XOR of three values

What is the simplest way to do a three-way exclusive OR?

In other words, I have three values, and I want a statement that evaluates to true IFF only one of the three values is true.

So far, this is what I've come up with:

((a ^ b) && (a ^ c) && !(b && c)) || ((b ^ a) && (b ^ c) && !(a && c)) || ((c ^ a) && (c ^ b) && !(a && b))

Is there something simpler to do the same thing?

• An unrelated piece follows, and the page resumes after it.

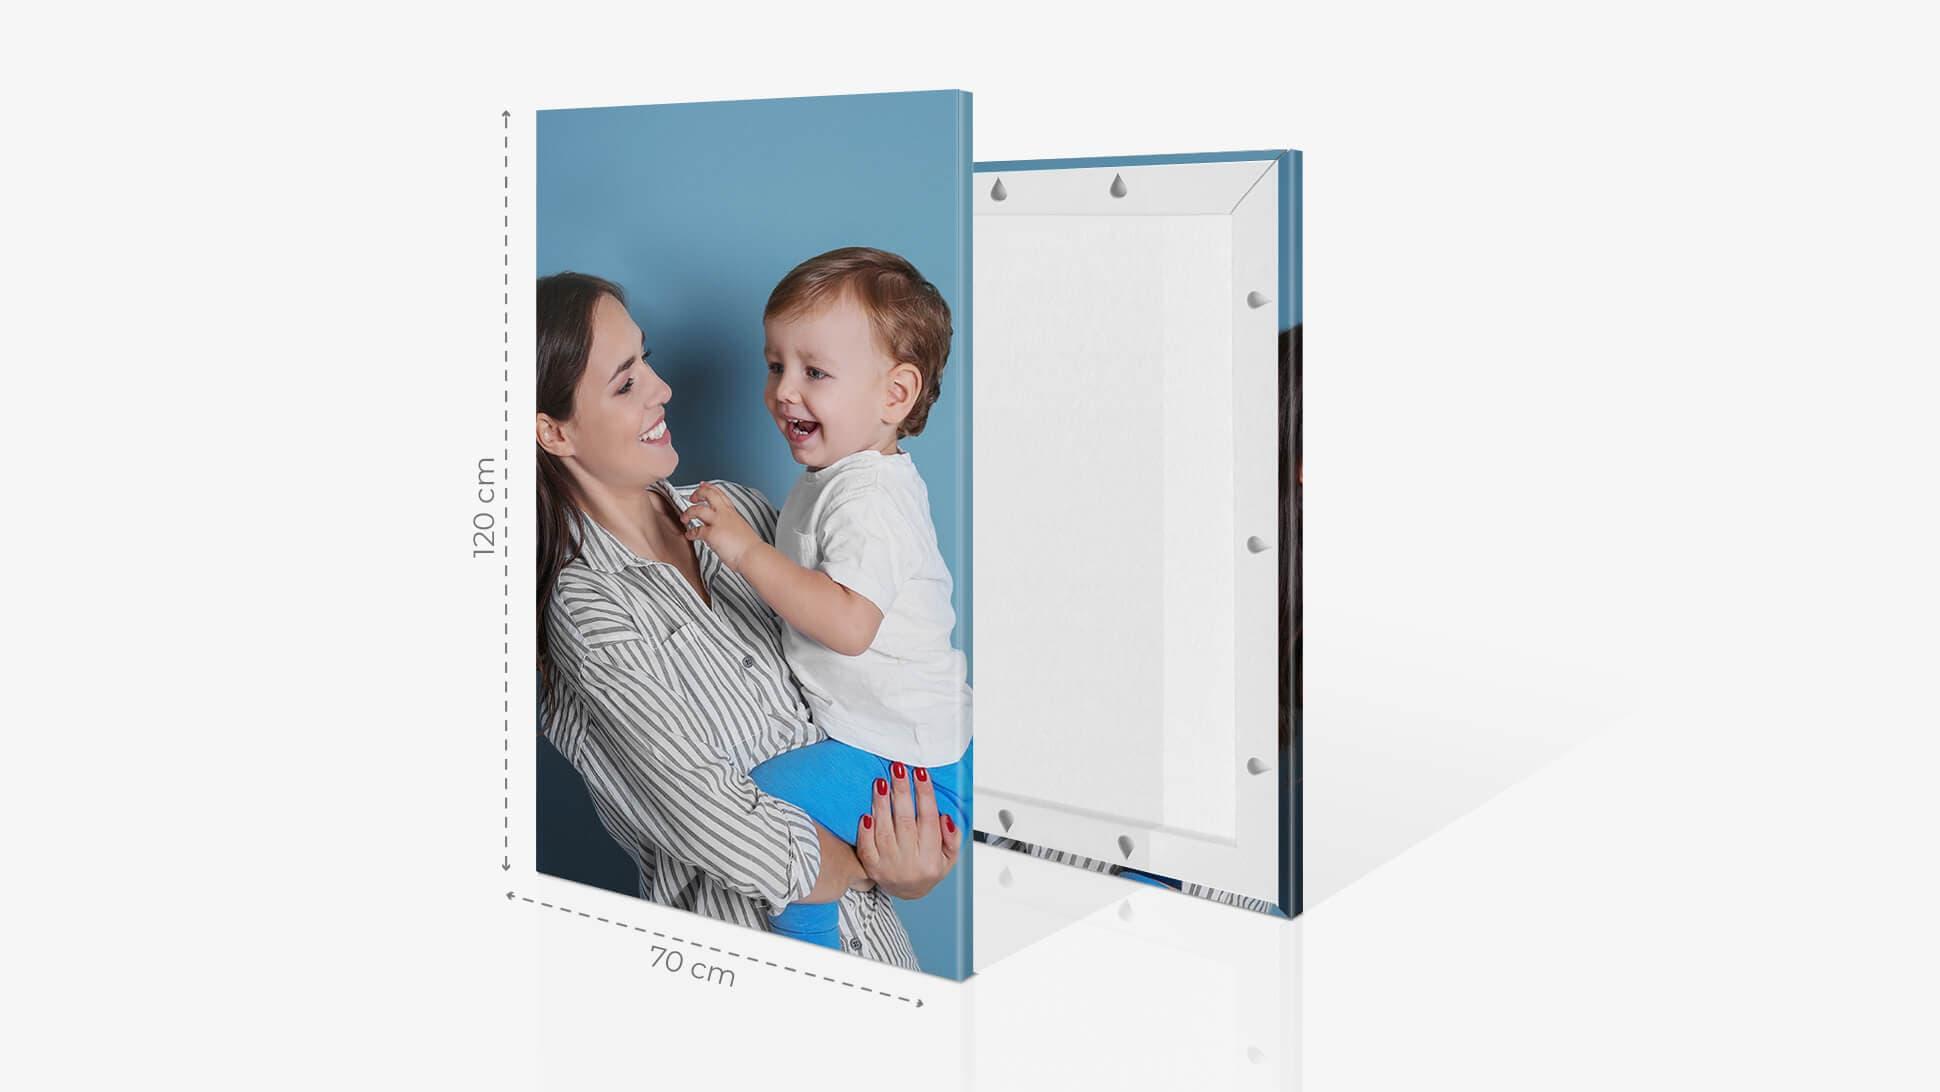 Fotoquadro 70x120cm con grafica | tictac.it

Here's the proof that the above accomplishes the task:

a = true; b = true; c = true
((a ^ b) && (a ^ c) && !(b && c)) || ((b ^ a) && (b ^ c) && !(a && c)) || ((c ^ a) && (c ^ b) && !(a && b))
=> false

a = true; b = true; c = false
((a ^ b) && (a ^ c) && !(b && c)) || ((b ^ a) && (b ^ c) && !(a && c)) || ((c ^ a) && (c ^ b) && !(a && b))
=> false

a = true; b = false; c = true
((a ^ b) && (a ^ c) && !(b && c)) || ((b ^ a) && (b ^ c) && !(a && c)) || ((c ^ a) && (c ^ b) && !(a && b))
=> false

a = true; b = false; c = false
((a ^ b) && (a ^ c) && !(b && c)) || ((b ^ a) && (b ^ c) && !(a && c)) || ((c ^ a) && (c ^ b) && !(a && b))
=> true

a = false; b = true; c = true
((a ^ b) && (a ^ c) && !(b && c)) || ((b ^ a) && (b ^ c) && !(a && c)) || ((c ^ a) && (c ^ b) && !(a && b))
=> false

a = false; b = true; c = false
((a ^ b) && (a ^ c) && !(b && c)) || ((b ^ a) && (b ^ c) && !(a && c)) || ((c ^ a) && (c ^ b) && !(a && b))
=> true

a = false; b = false; c = true
((a ^ b) && (a ^ c) && !(b && c)) || ((b ^ a) && (b ^ c) && !(a && c)) || ((c ^ a) && (c ^ b) && !(a && b))
=> true

a = false; b = false; c = false
((a ^ b) && (a ^ c) && !(b && c)) || ((b ^ a) && (b ^ c) && !(a && c)) || ((c ^ a) && (c ^ b) && !(a && b))
=> false